==== GIVEN MATERIAL

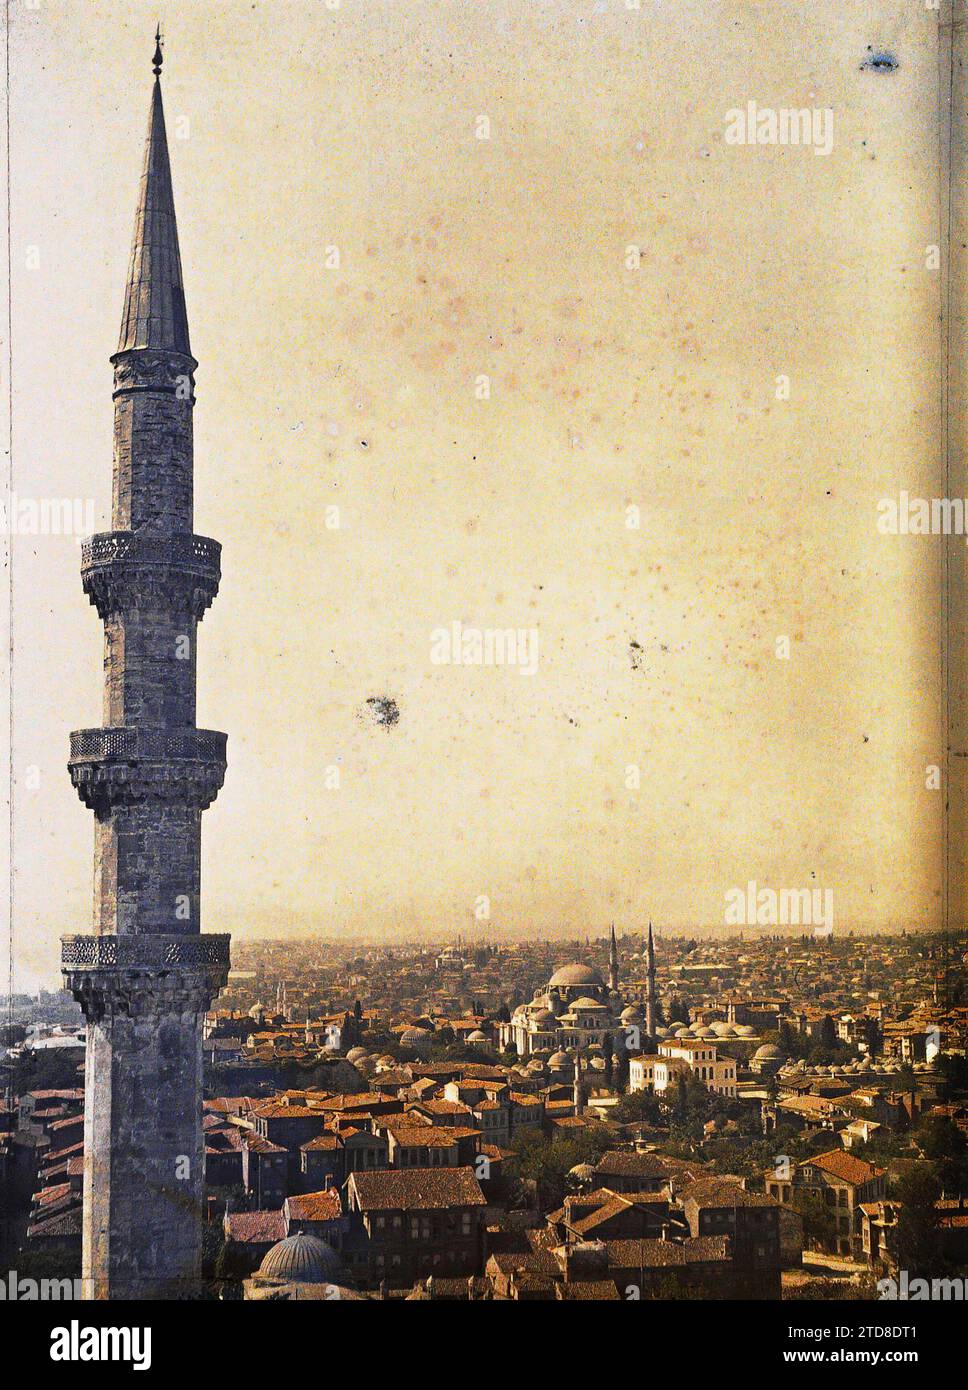 Constantinople (current Istanbul), Turkey Panorama taken from a minaret of the Süleymaniye Camii ('mosque of Sultan Suleiman the Magnificent') towards the southwest, Religion, Habitat, Architecture, Islam, Minaret, Mosque, Panorama of urban area, religious architecture, Turkey, Constantinople, Istanbul, 01/09/1912 - 30/09/1912, Passet, Stéphane, photographer, 1912 - Turquie - Stéphane Passet - (September), Autochrome, photo, Glass, Autochrome, photo, Positive, Vertical, Size 9 x 12 cm Stock Photo
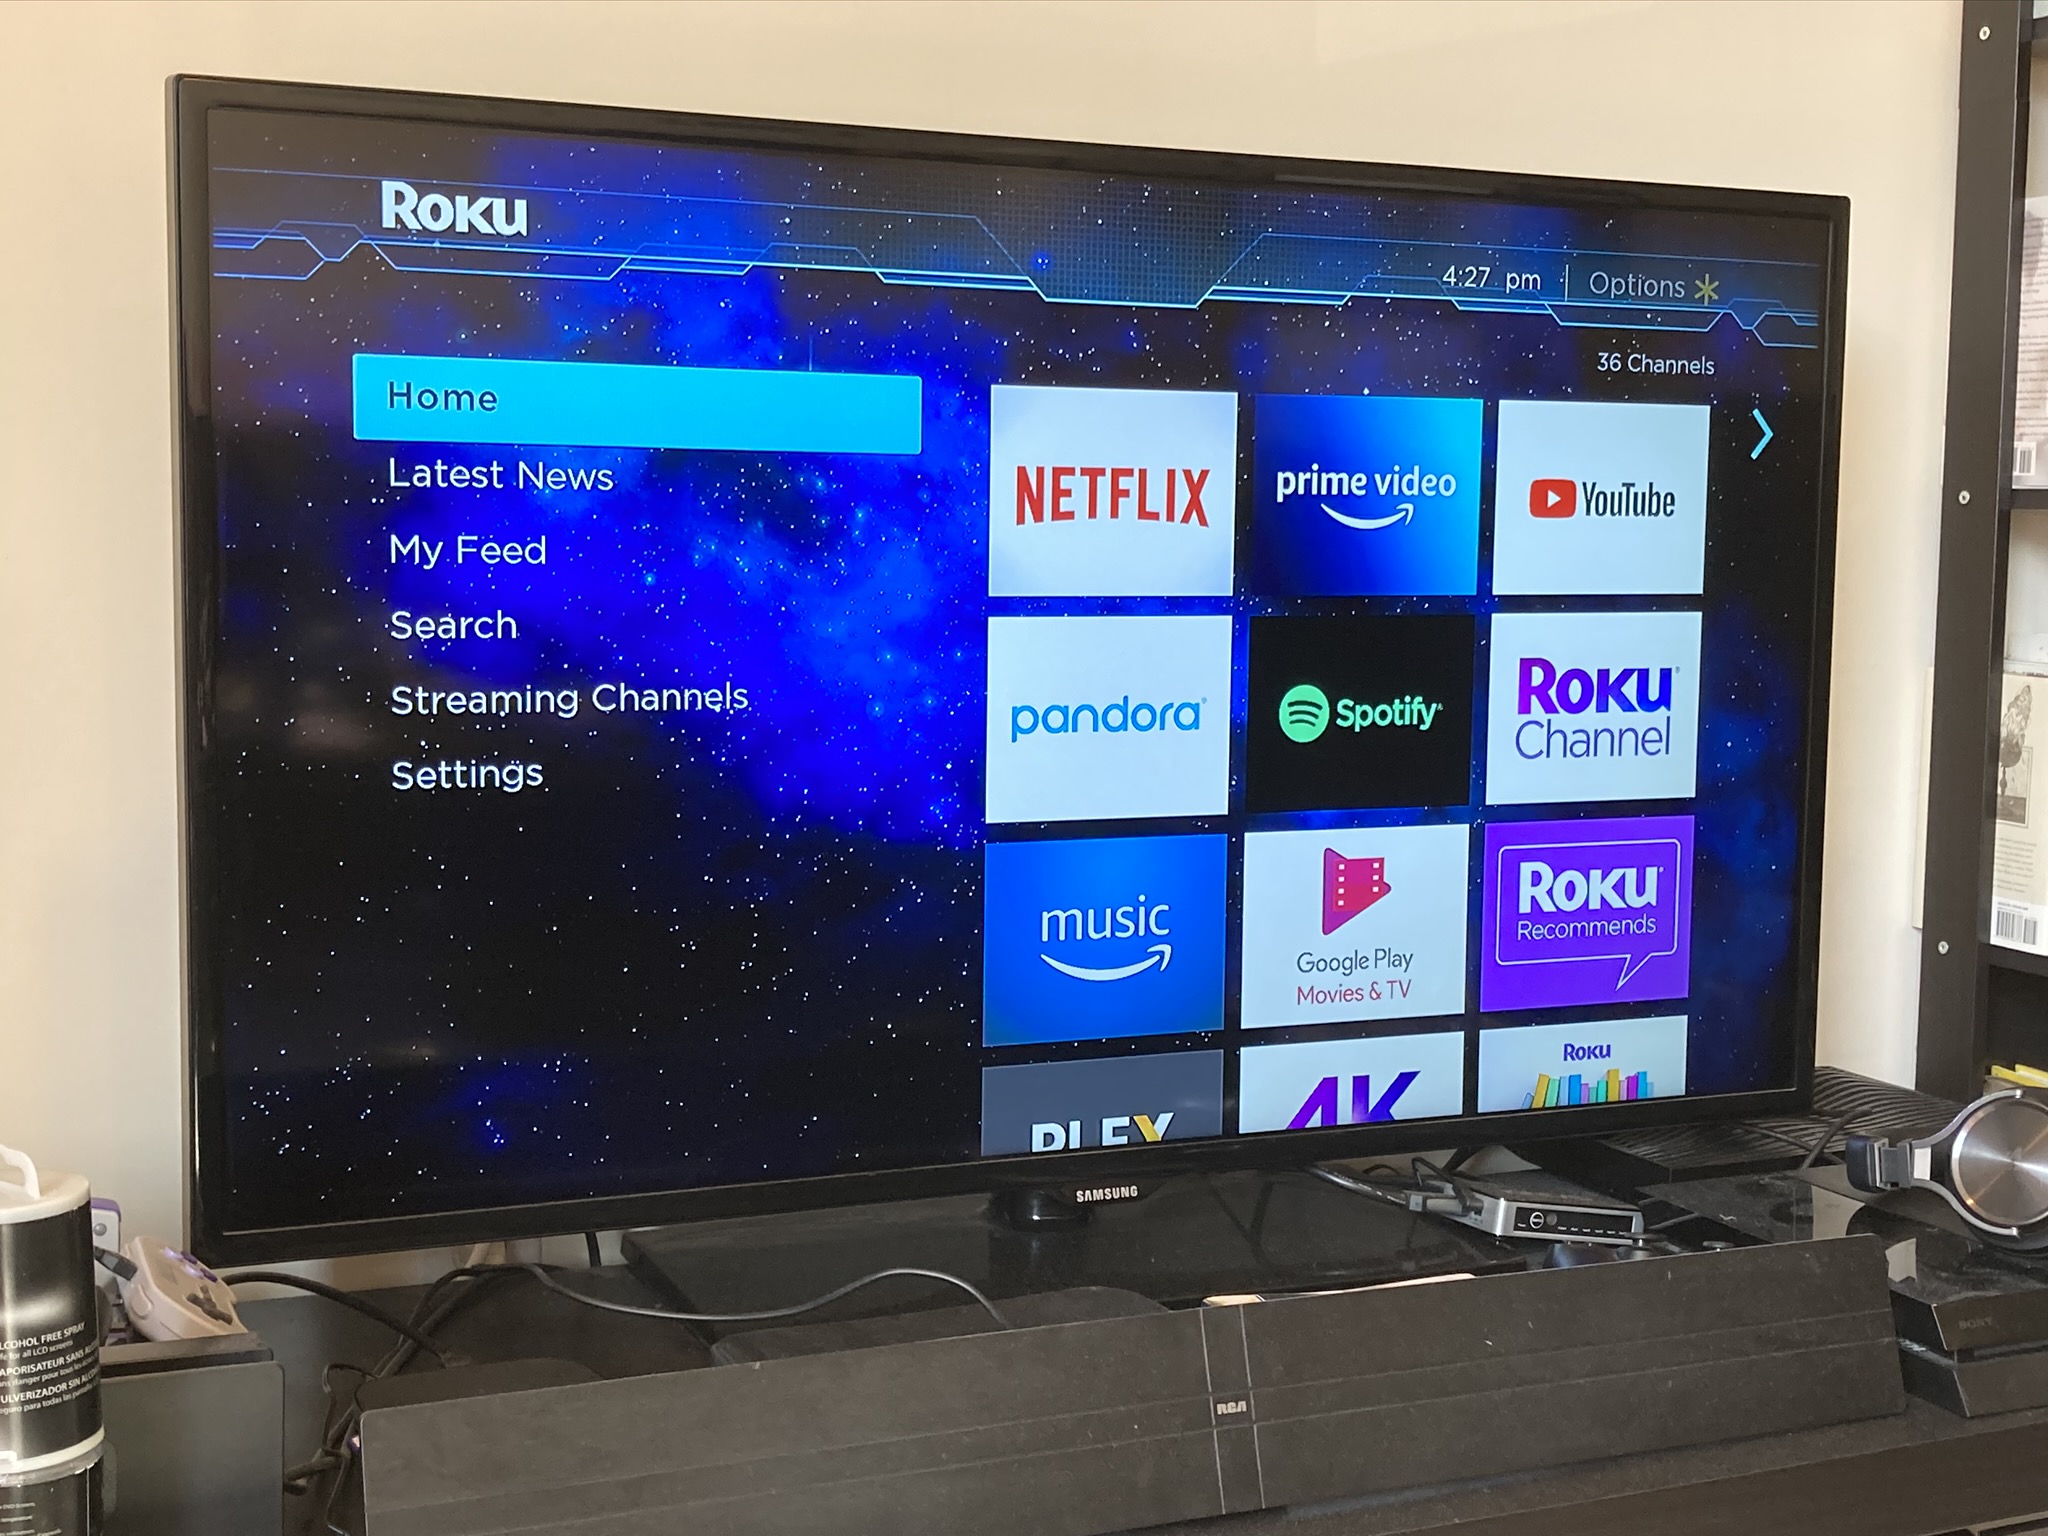 How to turn off subtitles on Roku
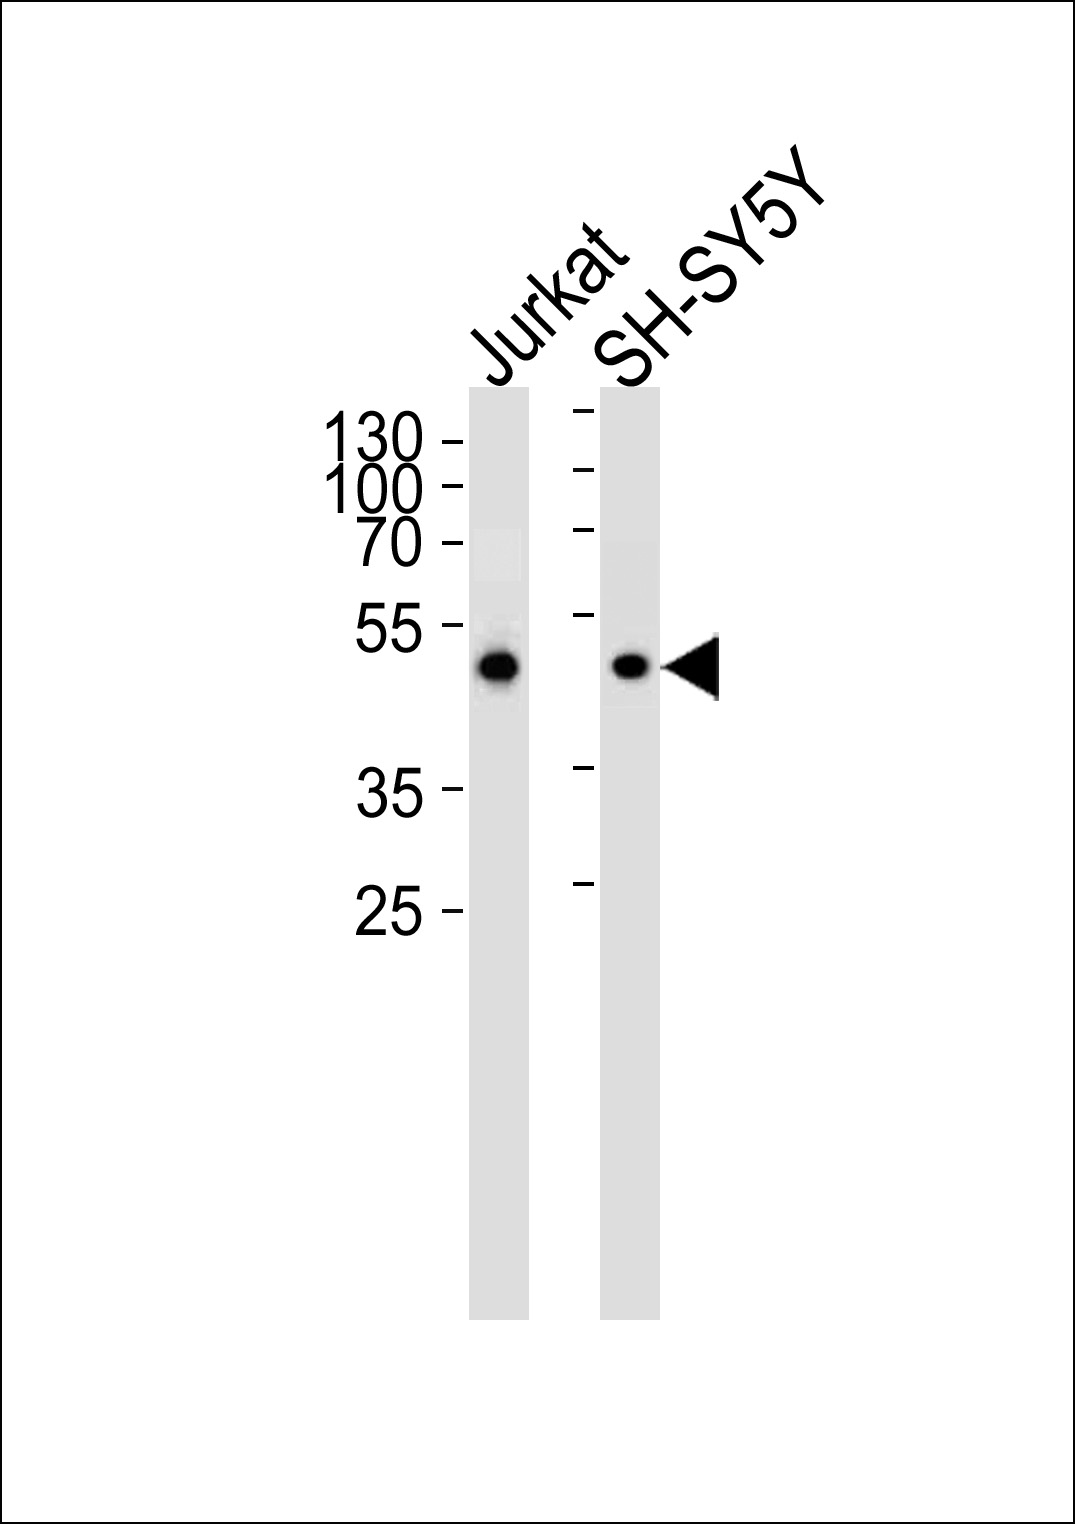 ANXA7 Antibody (Center) (Cat.# AP8738c) western blot analysis in Jurkat and SH-SY5Y cell lysates (35ug/lane). This demonstrates that the ANXA7 antibody detected ANXA7 protein (arrow).

========

--- PROBLEM REQUIREMENTS ---
Your task is to repeat, word for word and with no picture, every line from the one that contains "How to turn off subtitles on Roku" through the last line of the data.

--- TASK ANSWER ---
 How to turn off subtitles on Roku
 ANXA7 Antibody (Center) (Cat.# AP8738c) western blot analysis in Jurkat and SH-SY5Y cell lysates (35ug/lane). This demonstrates that the ANXA7 antibody detected ANXA7 protein (arrow).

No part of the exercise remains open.